French Finance Minister Roland Lescure told reporters after the meeting that “we have not yet reached an agreement” on an emergency release of oil. “What was agreed is to use all the necessary tools, if necessary, to stabilize the market, including the possible release of the necessary stocks,” he said.

The disruption to energy supplies in the region poses a threat of increased prices for consumers and businesses worldwide. Approximately one-fifth of global oil supply typically transits through the Strait of Ormuz, but traffic through the narrow passage has largely ceased since the conflict began over a week ago.

Adnan Mazarei, an analyst at the Peterson Institute of International Economics, said the price increase was anticipated given the production disruptions in some Gulf countries and the prospect of a prolonged conflict. “People are realizing this isn’t going to end anytime soon,” he said, adding that objectives outlined by the U.S. Administration were “becoming increasingly unrealistic.”

U.S. President Donald Trump downplayed concerns about rising oil prices, stating on his Truth Social platform that short-term price increases, which he predicted would fall rapidly once the “destruction of the Iranian nuclear threat” is complete, were a “very little price to pay for the safety and peace of the U.S. And the world.”

Energy Secretary Chris Wright echoed this sentiment, telling U.S. News outlets that Israel, not the United States, was targeting Iranian energy infrastructure, amid concerns about rising gasoline prices in the U.S. Data from AAA showed the average U.S. Gasoline price rose 11% last week, reaching $3.32 per gallon.

The political landscape within Iran also underwent a significant shift on Sunday with the appointment of Mojtaba Khamenei to succeed his father, Ali Khamenei, as Supreme Leader.
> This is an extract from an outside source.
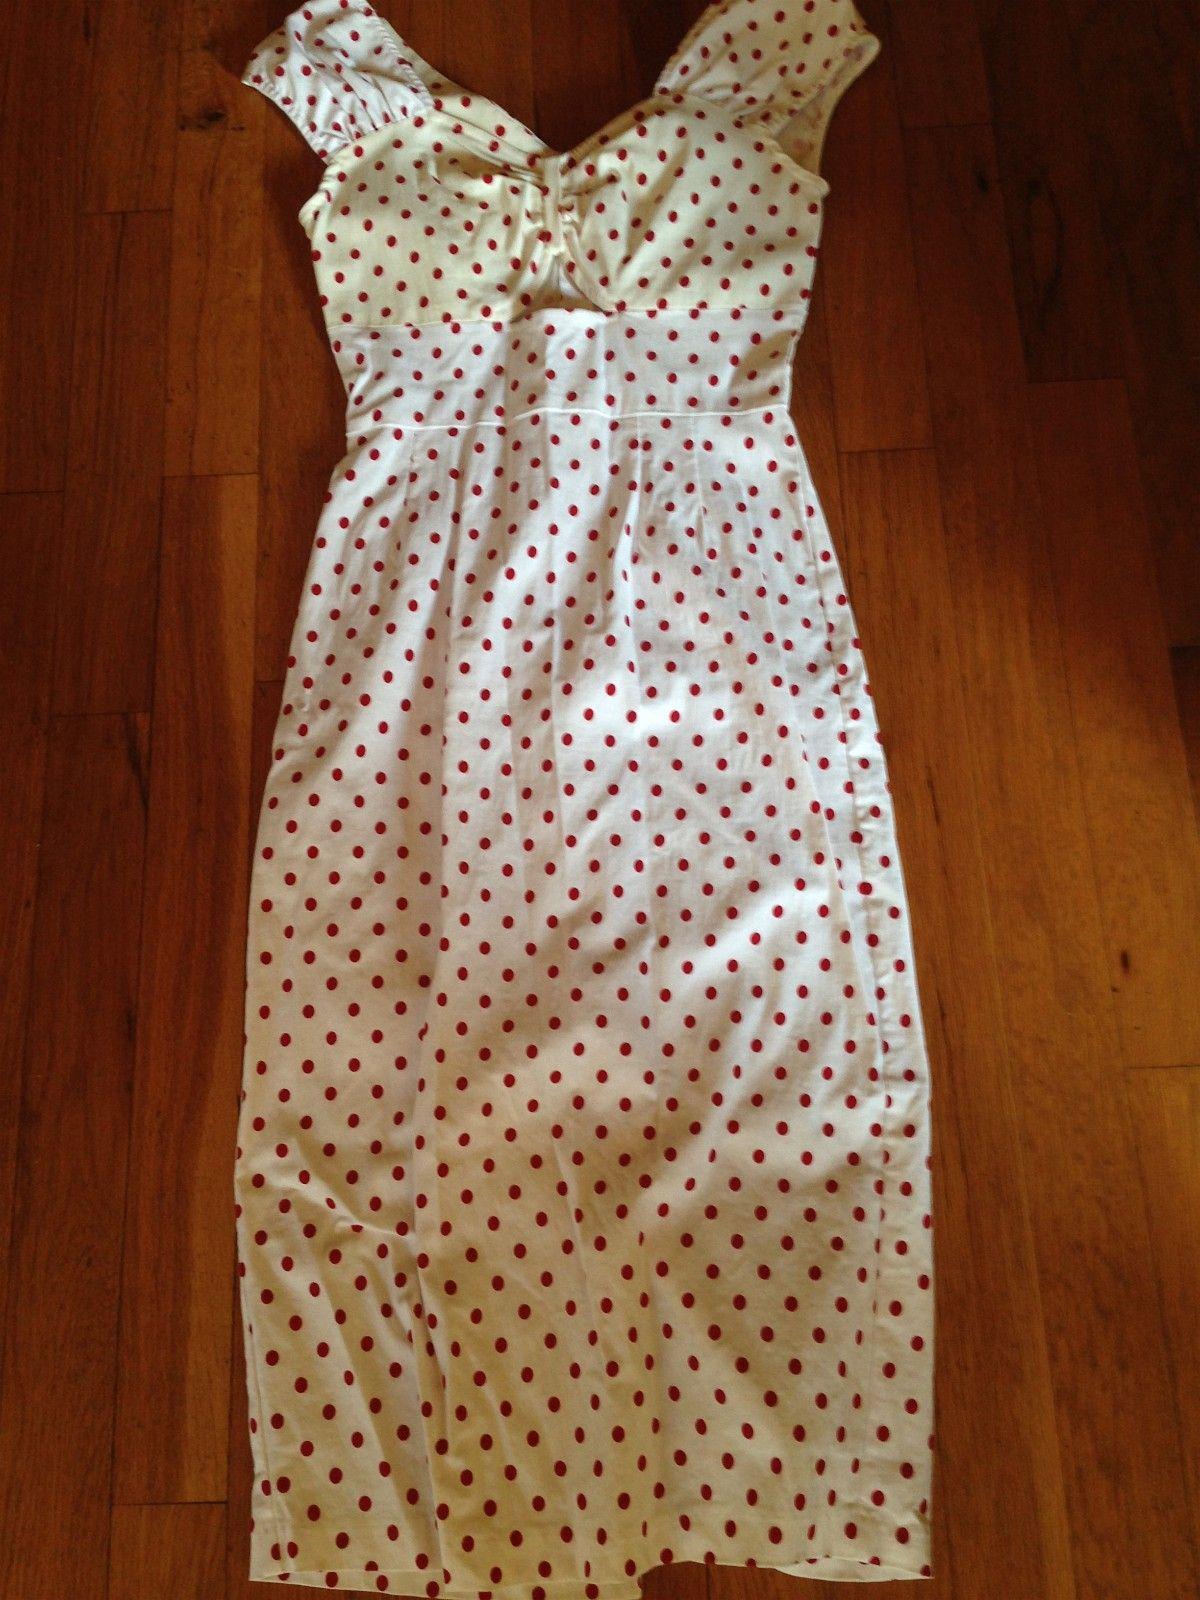 d20235dad35f Feminin hvit kjole med røde polkadotter med armbånd

This move signals the continued dominance of hardliners within the country’s leadership following the assassination of the elder Khamenei at the start of the conflict. Unlike his father, Mojtaba Khamenei, 56, maintains a low public profile, having never held government office or given public speeches.

President Trump has indicated he will not accept the choice of Mojtaba Khamenei. Even as suggesting openness to a successor linked to the previous leadership, Trump has explicitly opposed Mojtaba Khamenei’s ascension. “The son of Khamenei is unacceptable to me,” he stated earlier this week.
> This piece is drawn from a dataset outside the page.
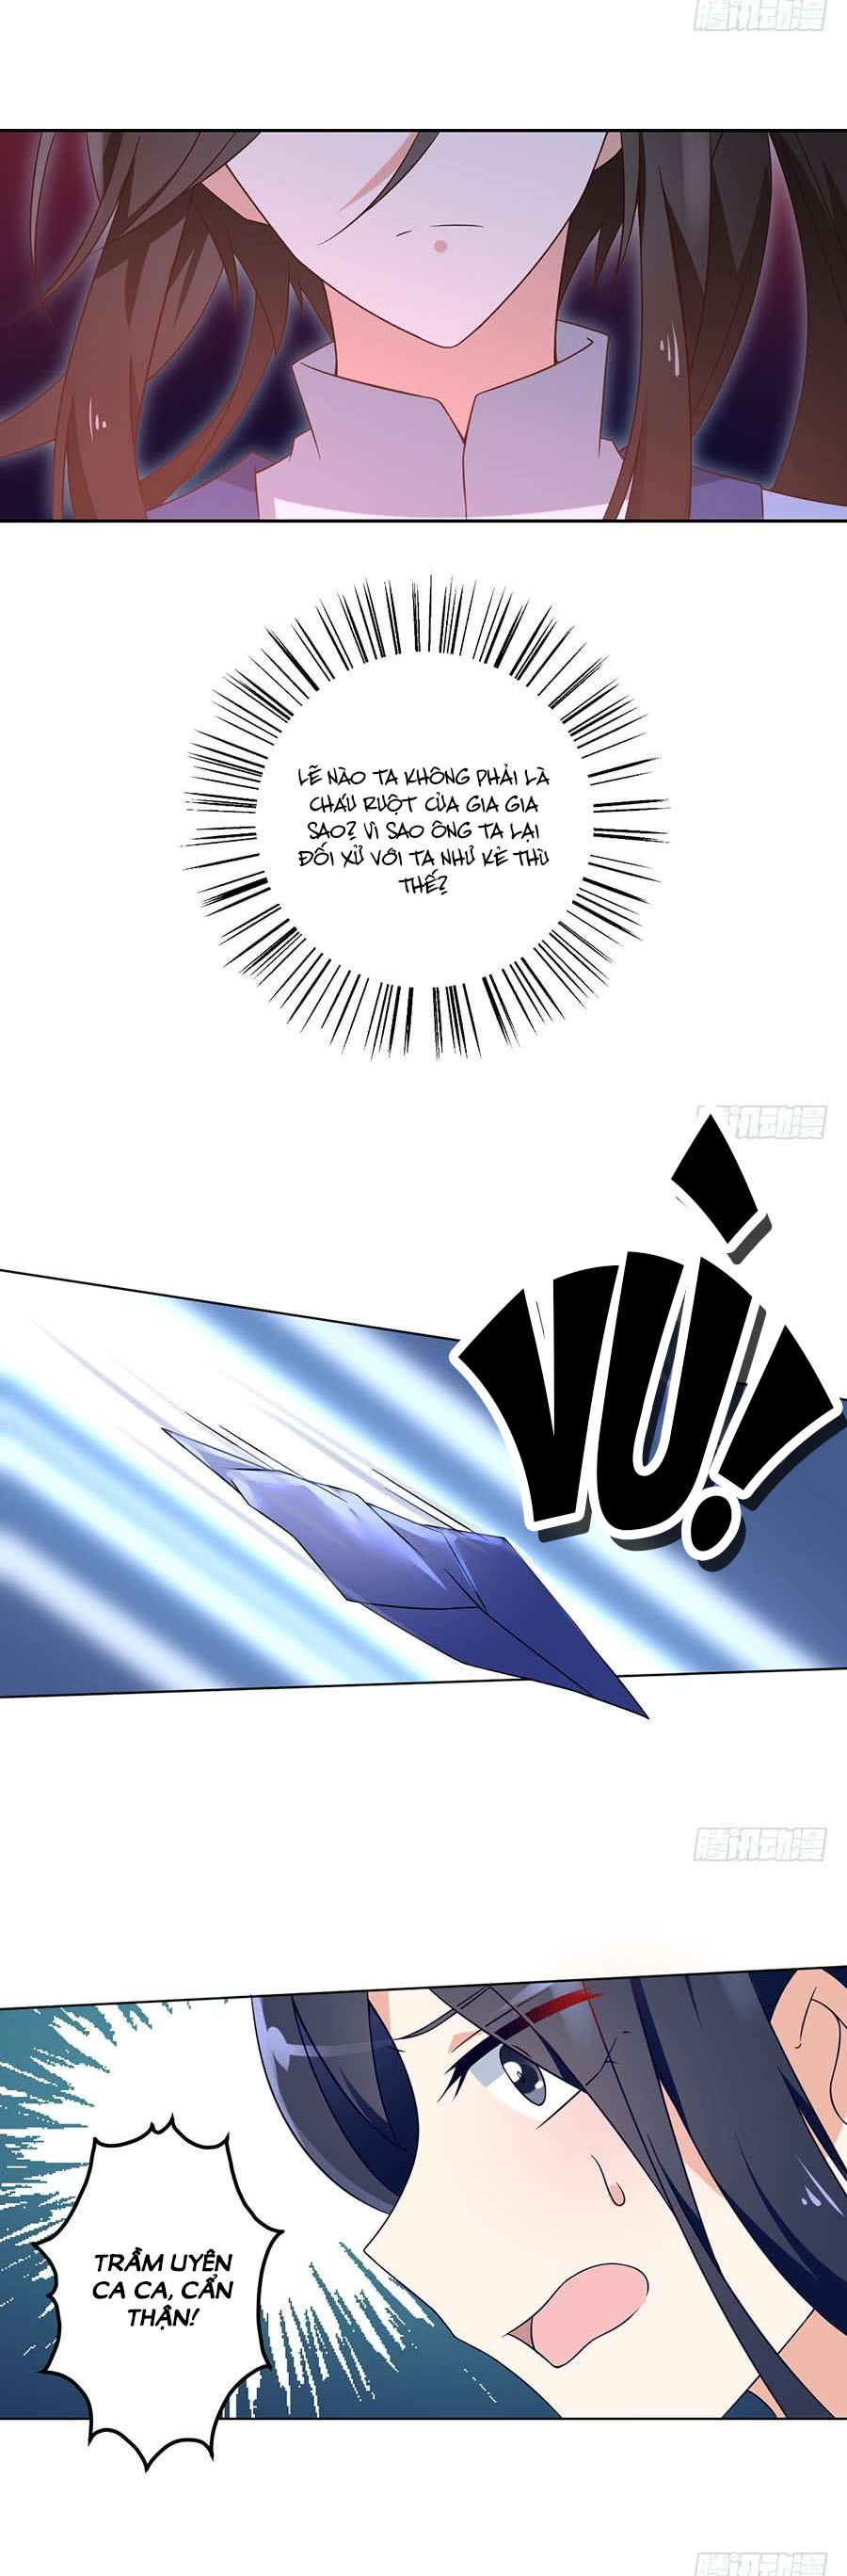 Manh Sư Tại Thượng chap 61 - Trang 9

The selection of Mojtaba Khamenei could prove contentious within Iran itself, as the Islamic Republic’s founding principles emphasize that the Supreme Leader should be chosen based on religious standing and proven leadership, rather than hereditary succession.

Over the weekend, the United States and Israel launched further aerial attacks on Iran, targeting several sites, including oil depots. Simultaneously, Iran retaliated by attacking energy infrastructure in neighboring Gulf countries. Saudi Arabia reported intercepting and destroying two waves of drones targeting a major oil field.